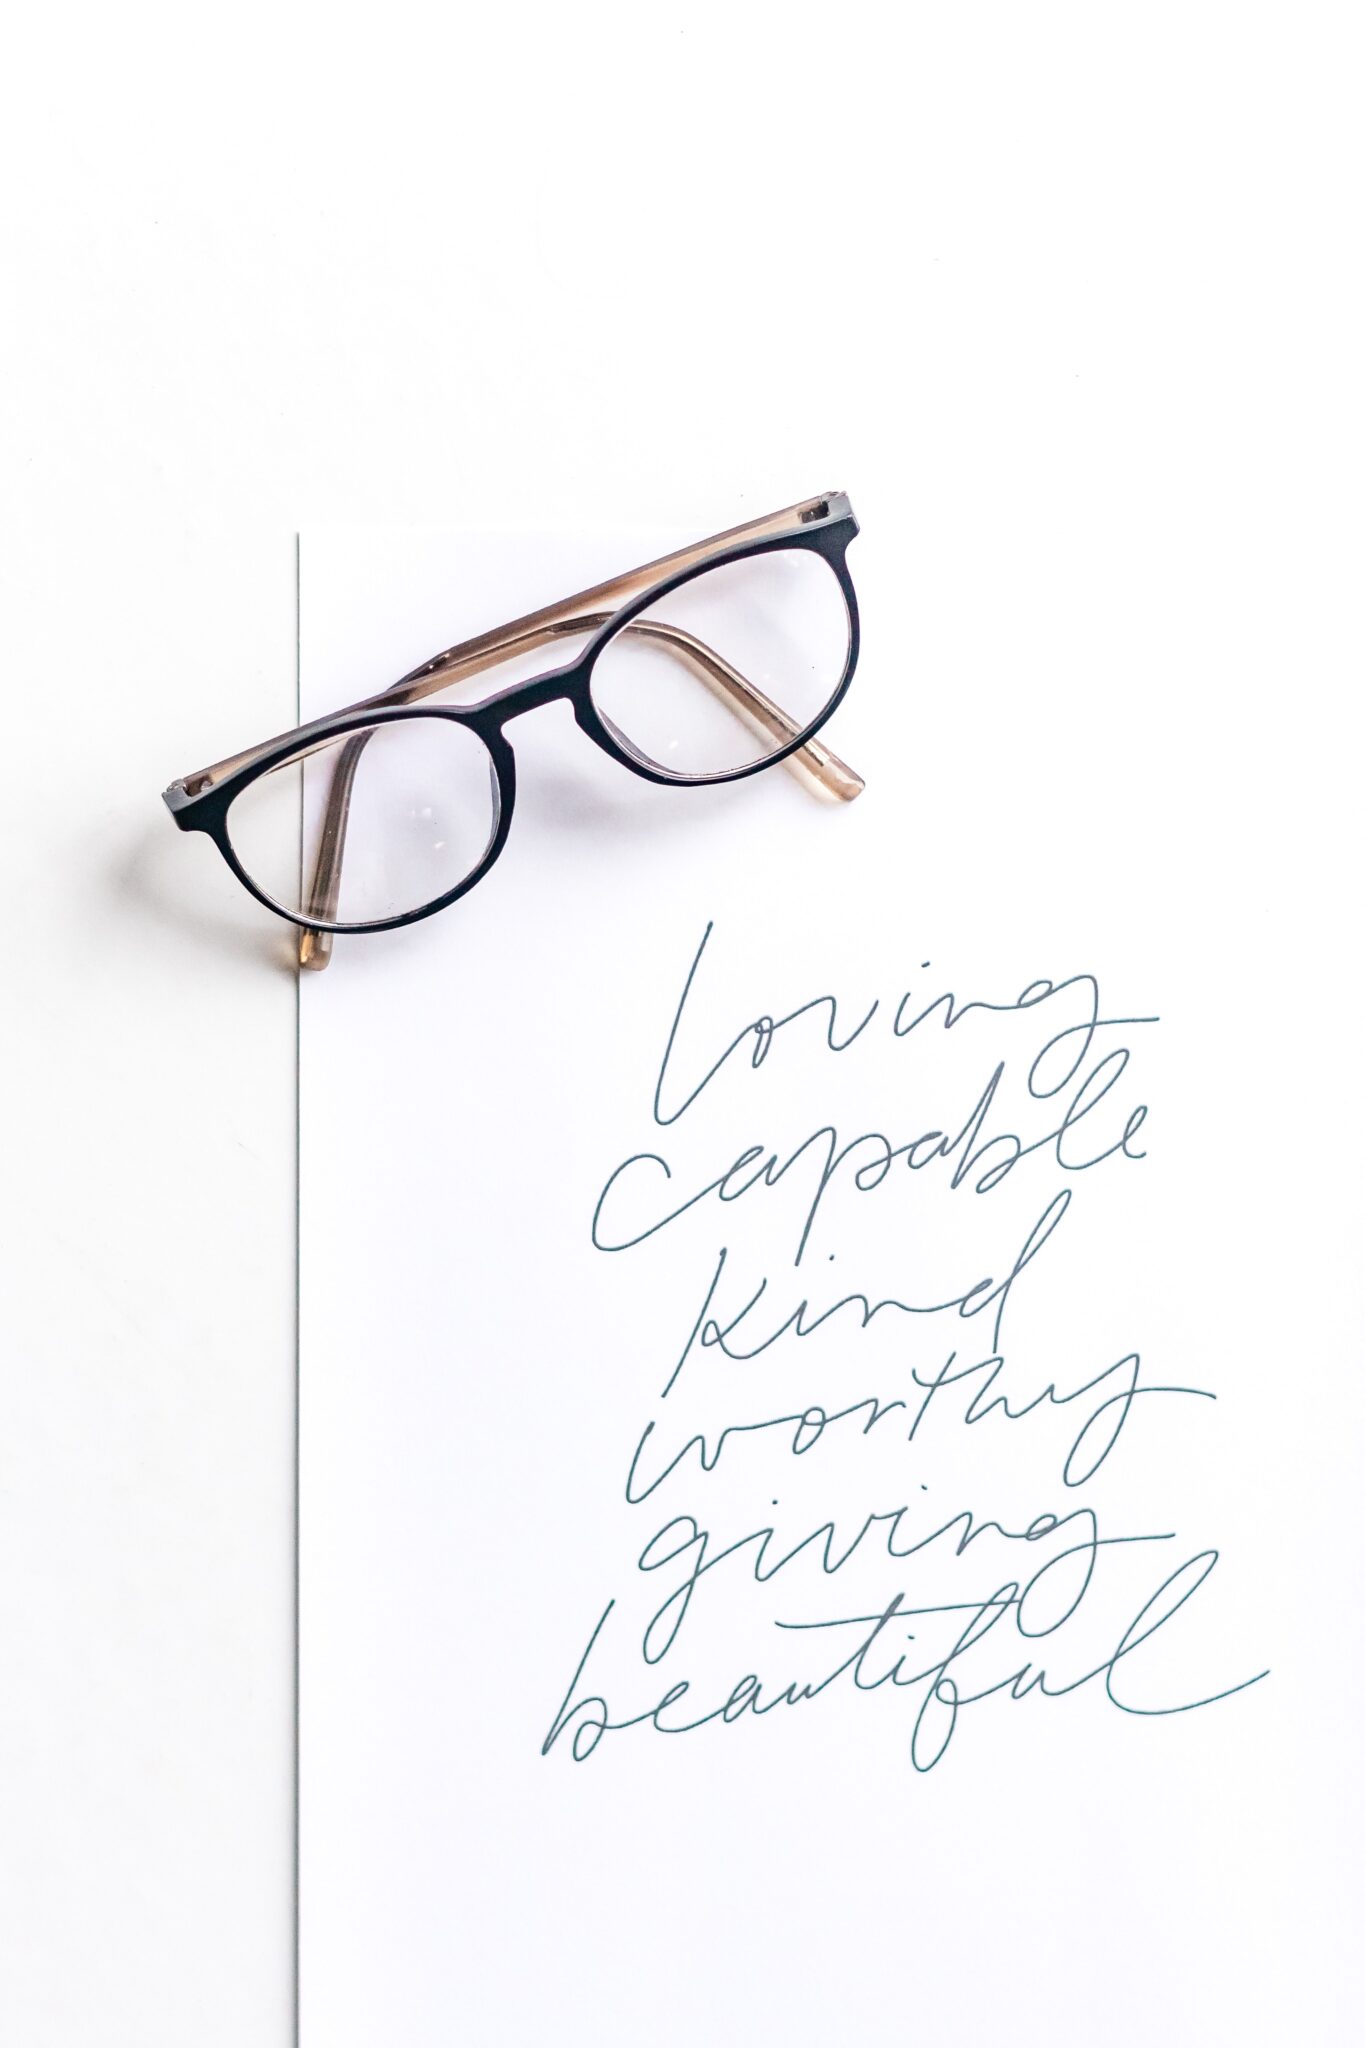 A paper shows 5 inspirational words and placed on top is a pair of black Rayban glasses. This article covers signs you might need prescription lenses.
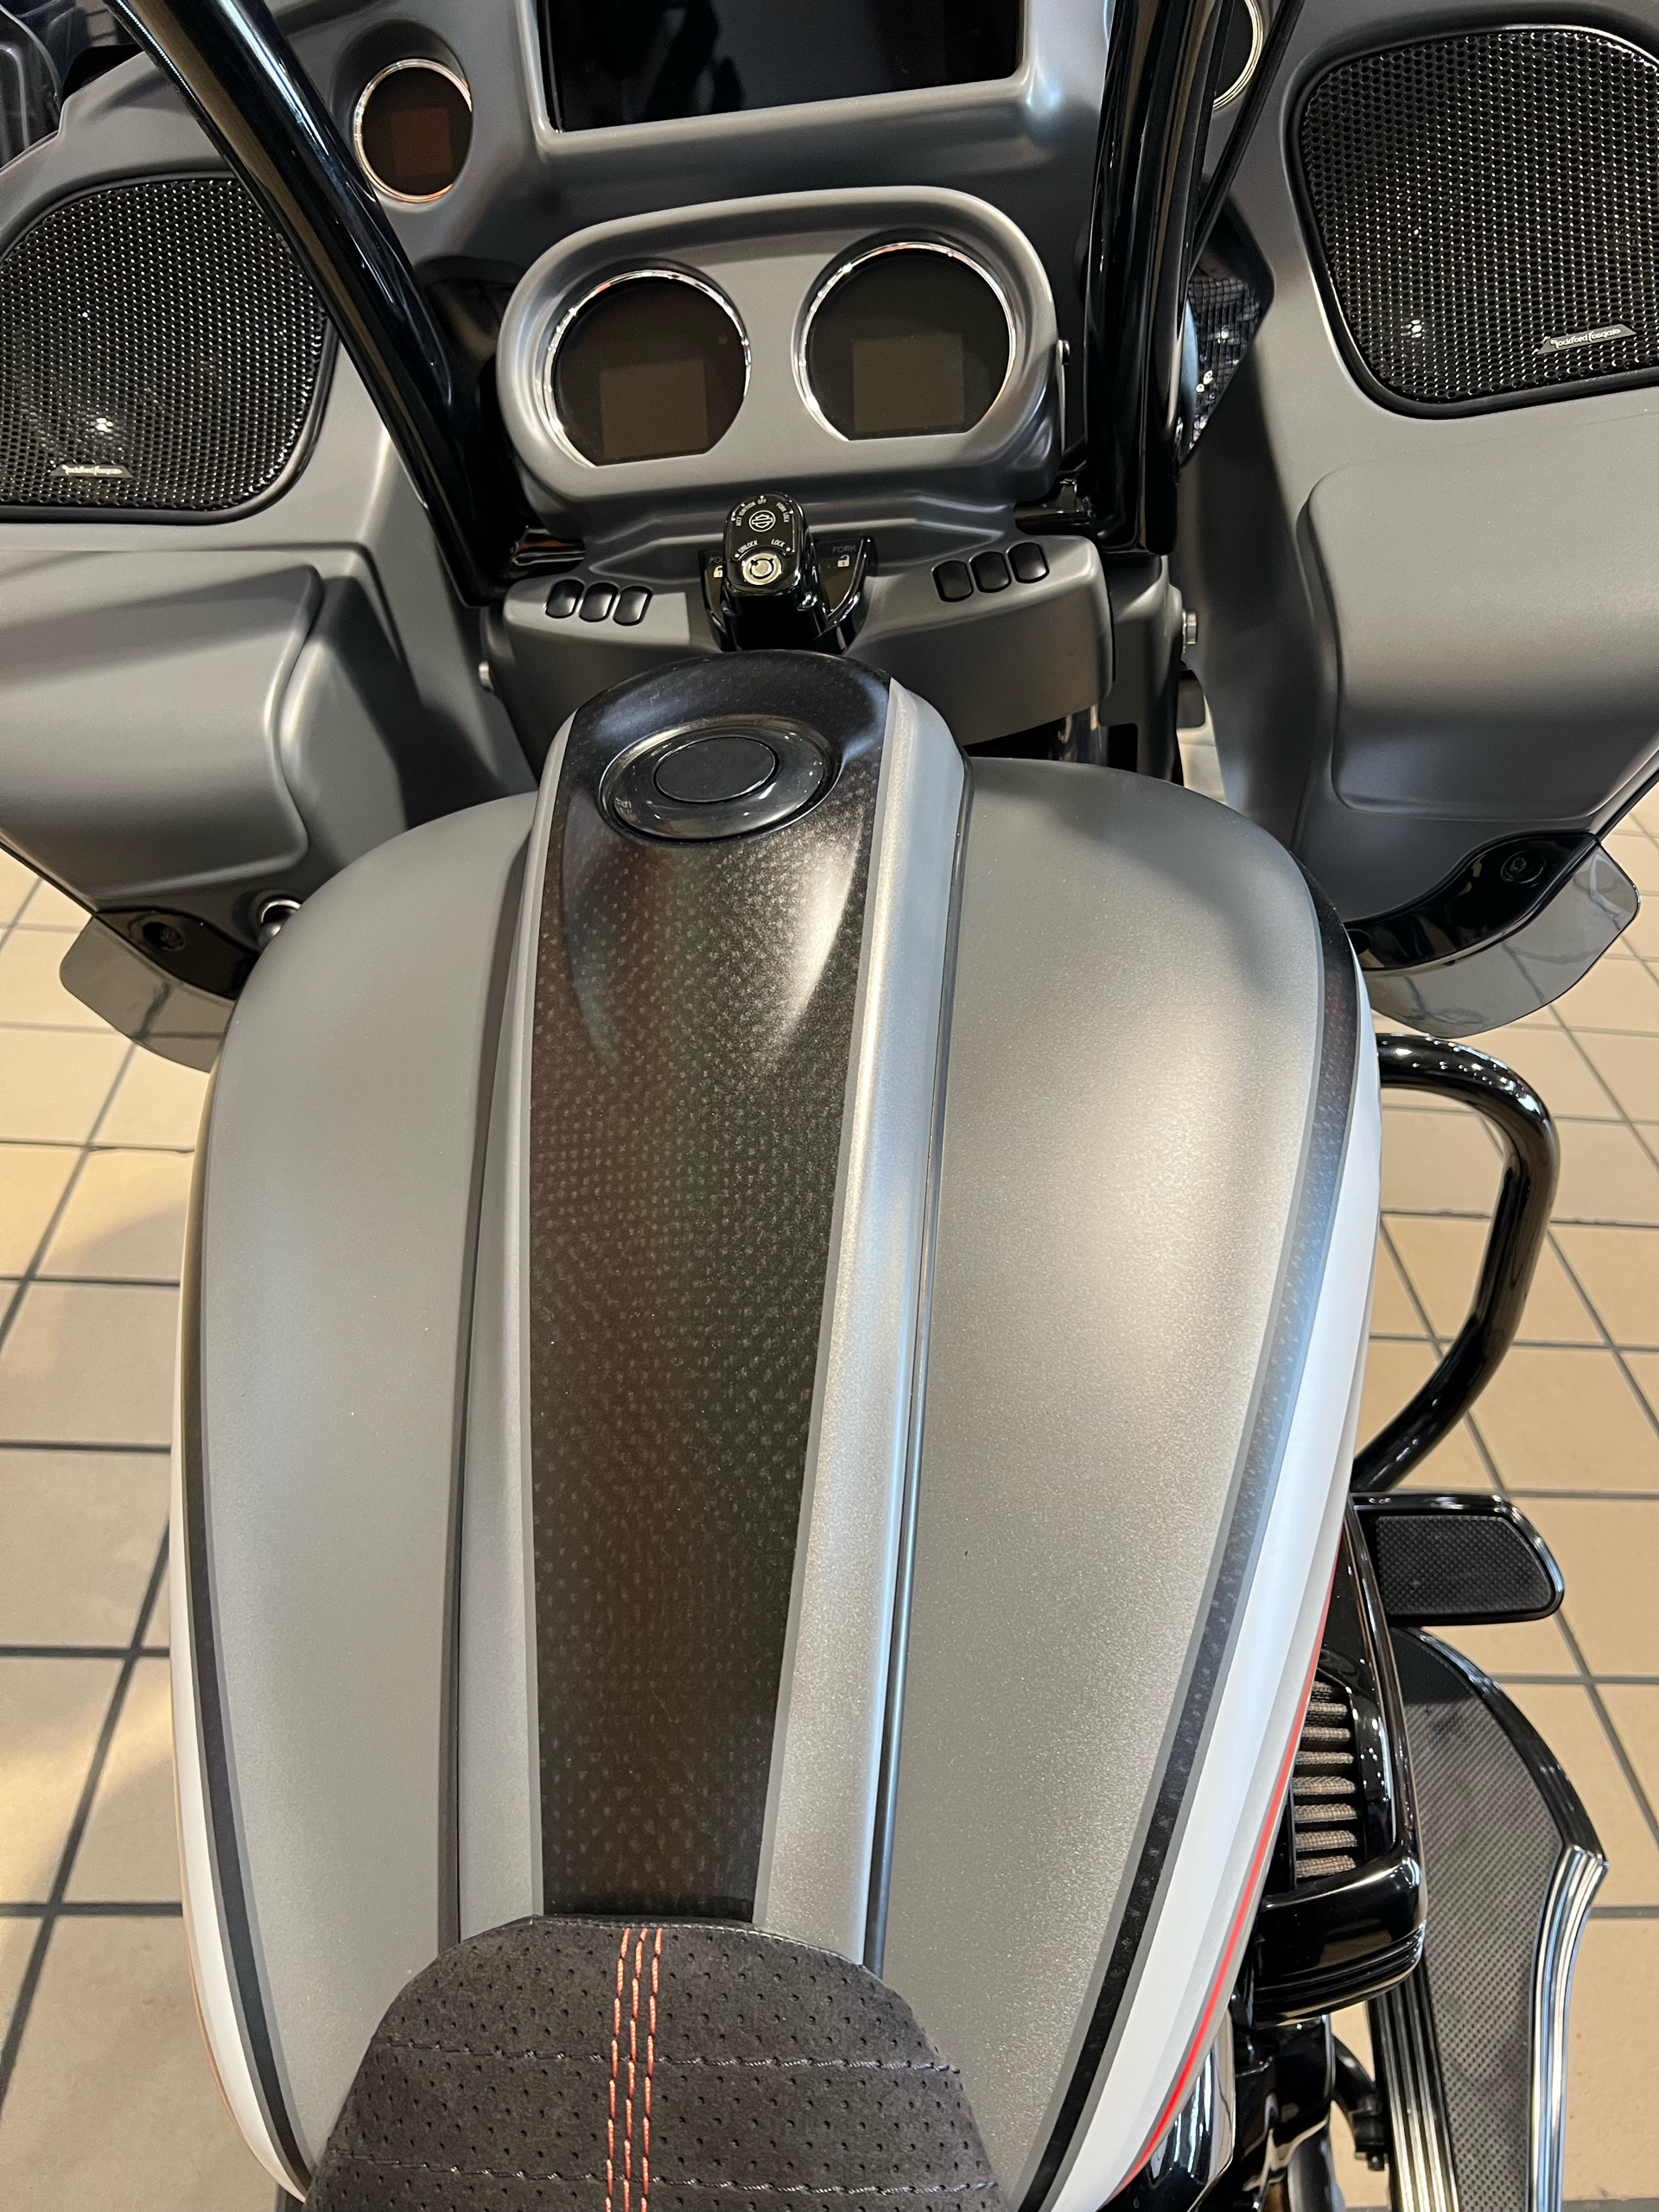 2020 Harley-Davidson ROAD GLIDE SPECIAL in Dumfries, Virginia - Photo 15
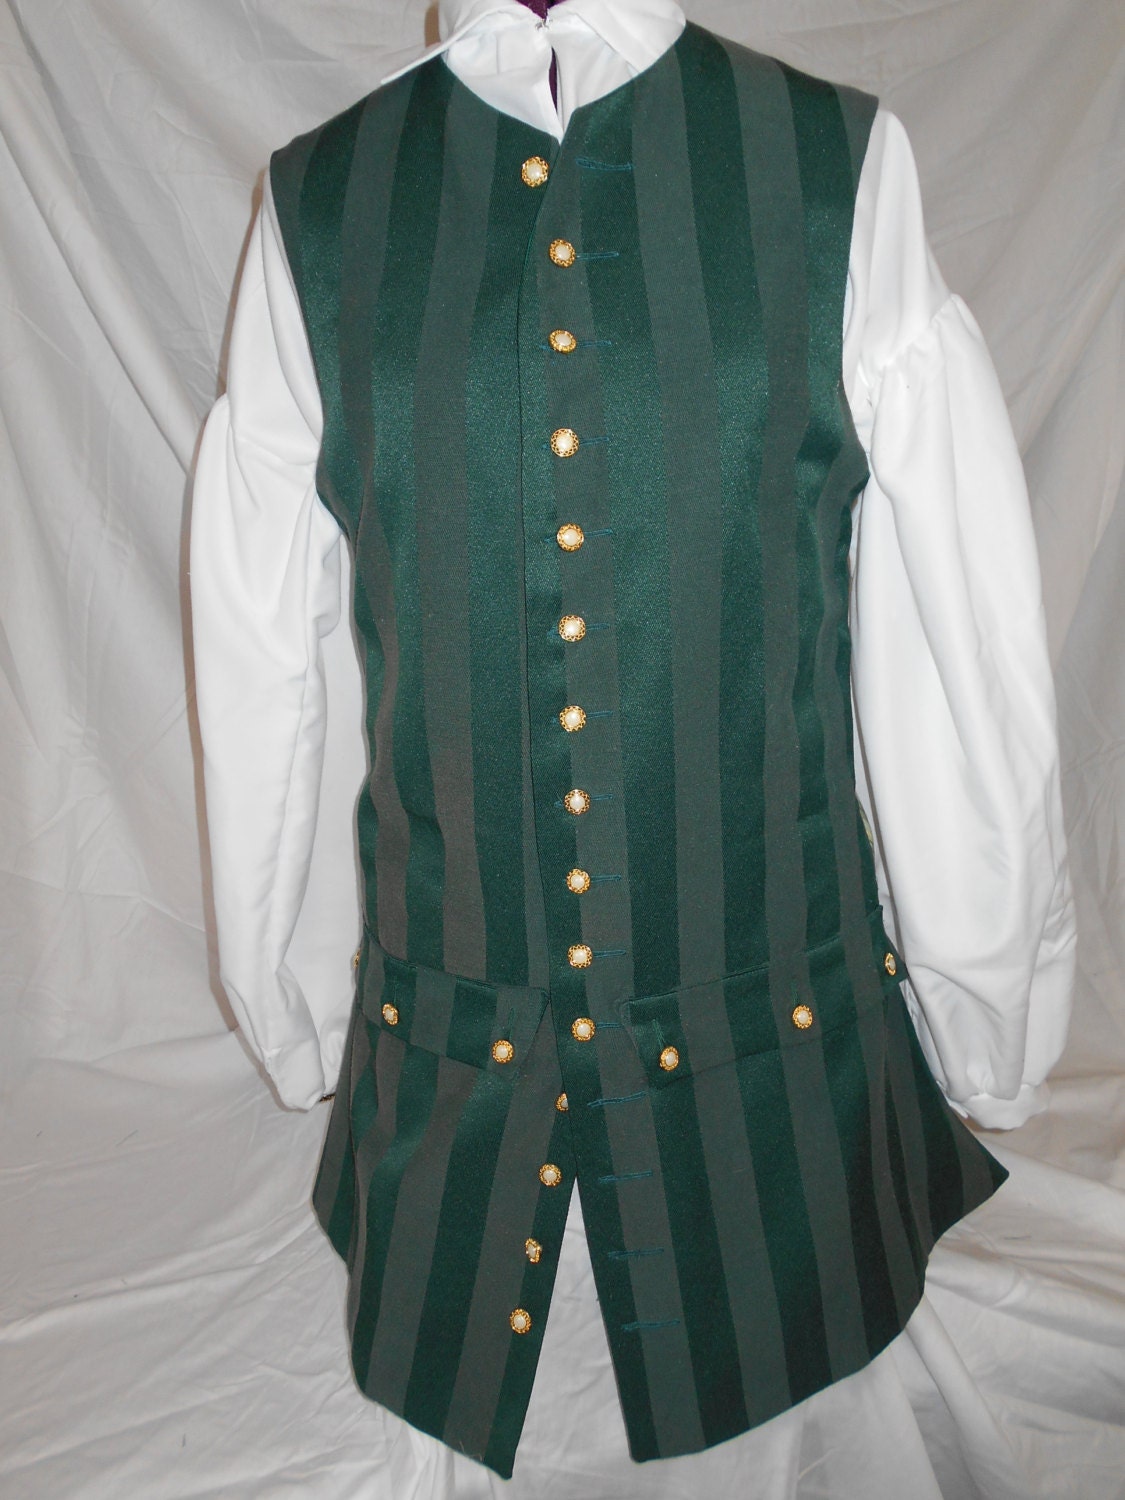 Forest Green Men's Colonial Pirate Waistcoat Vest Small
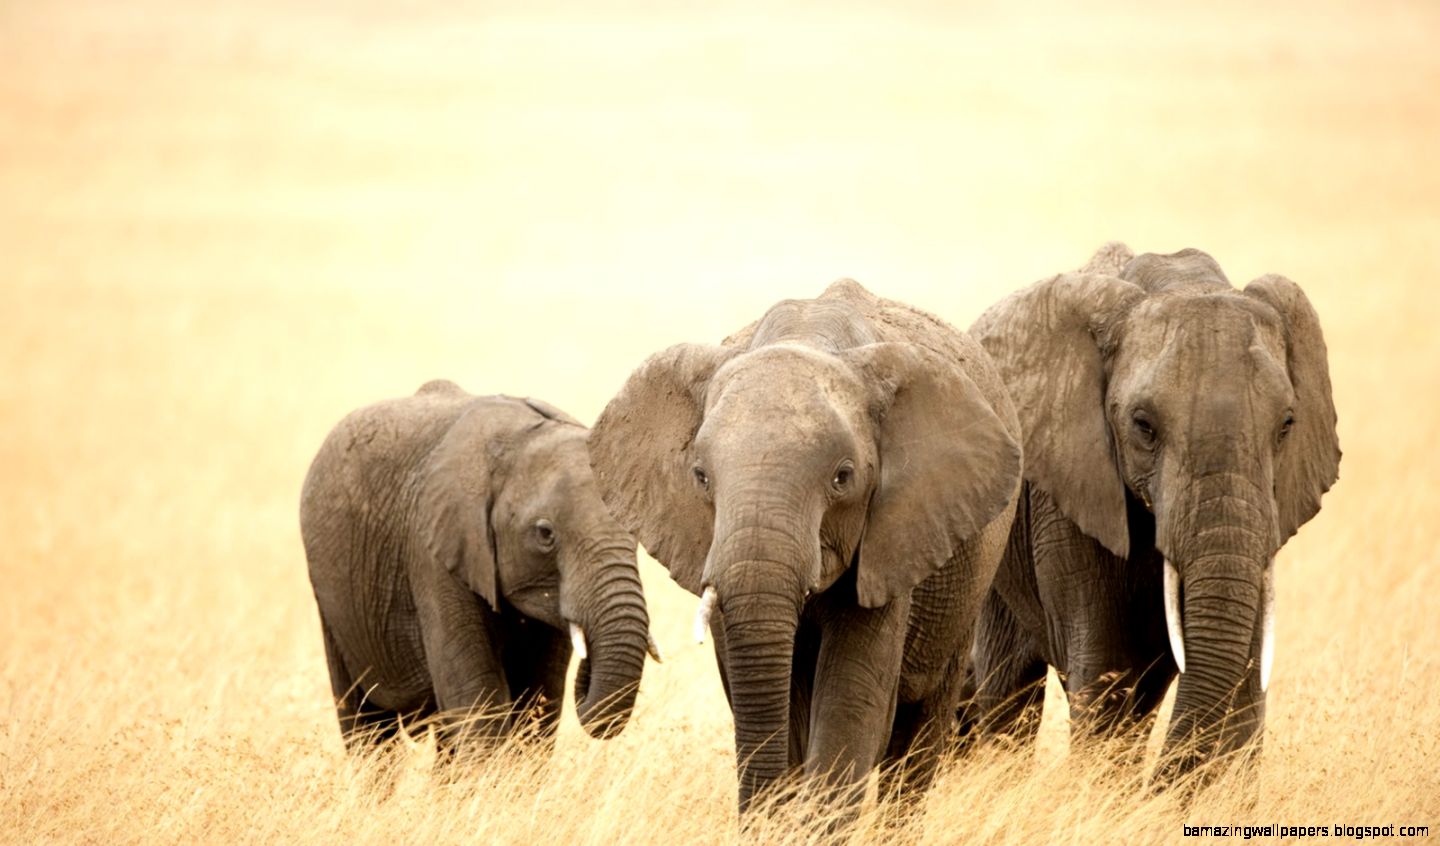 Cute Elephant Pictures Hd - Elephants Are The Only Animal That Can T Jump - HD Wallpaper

# # #

Work instructions >> Set out nothing but the lines from the line with "Forest Green Men's" through the end of the material, reproduced exactly, both ends included, pictures omitted.

Answer below >>
 Forest Green Men's Colonial Pirate Waistcoat Vest Small
 Cute Elephant Pictures Hd - Elephants Are The Only Animal That Can T Jump - HD Wallpaper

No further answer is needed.